But BYU made it clear that university officials were taking the signs down. “The flyers were not approved and since have been and will be taken down,” said university spokesperson Carri Jenkins.

The flyer depicts a raining cloud with rainbow-colored raindrops and “Has the raYnbow got you seeking shelter from the storm?” written over it. Underneath, there’s what appears to be a family holding up an umbrella with “FamProc” written on it.

“On March 4th, LGBT activists are protesting church teachings on BYU campus,” it reads. “Instead, faithful members will show their support for the Family Proclamation by wearing BYU swag and carrying or wearing an umbrella. Join us.”

Students found flyers on March 2 advertising a counter-protest to Color the Campus “rainbow day” planned for March 4. BYU tweeted that this is not a university-approved event and the flyers are being removed (@Txtofmormonism on Twitter)
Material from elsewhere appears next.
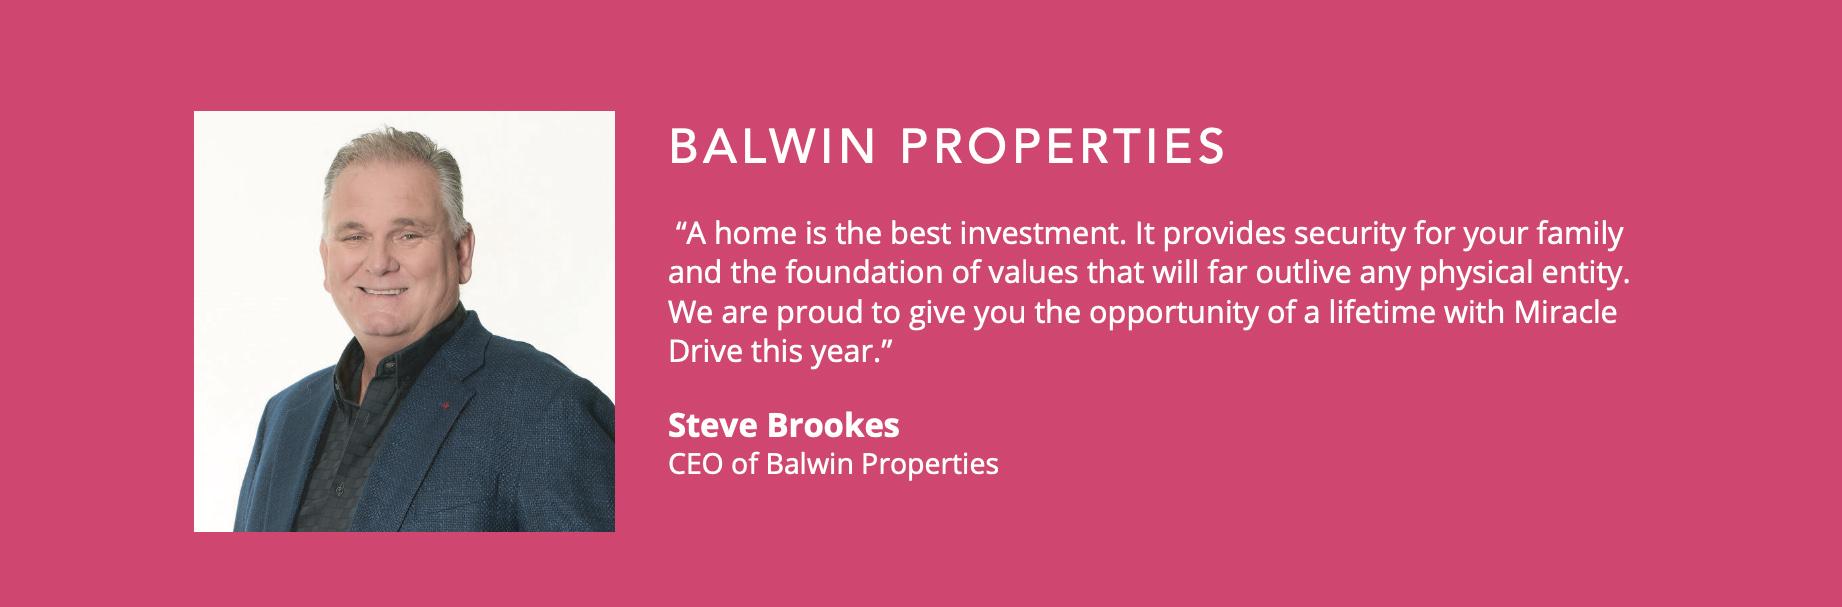 Balwin Testimonial

It is unclear what exact group or individuals planned the protest, but it appears to be in connection with #DezNat on Twitter. DezNat stands for Deseret Nation. Those who use the hashtag often defend The Family Proclamation, sometimes criticizing BYU.

BYU alumna Suzie Pilkington tweeted a photo of the flyer, which is now deleted. Her friend Jonathan Whitmore, a gay BYU senior, sent her the photo after he saw the flyers on campus. She said she was disheartened and sad to see it.

Along with the photo Pilkington wrote, “For all my BYU baddies who have seen this flyer today, please please know there is a place for you and you are loved. This flyer only represents the dumb close-minded few who don’t understand.”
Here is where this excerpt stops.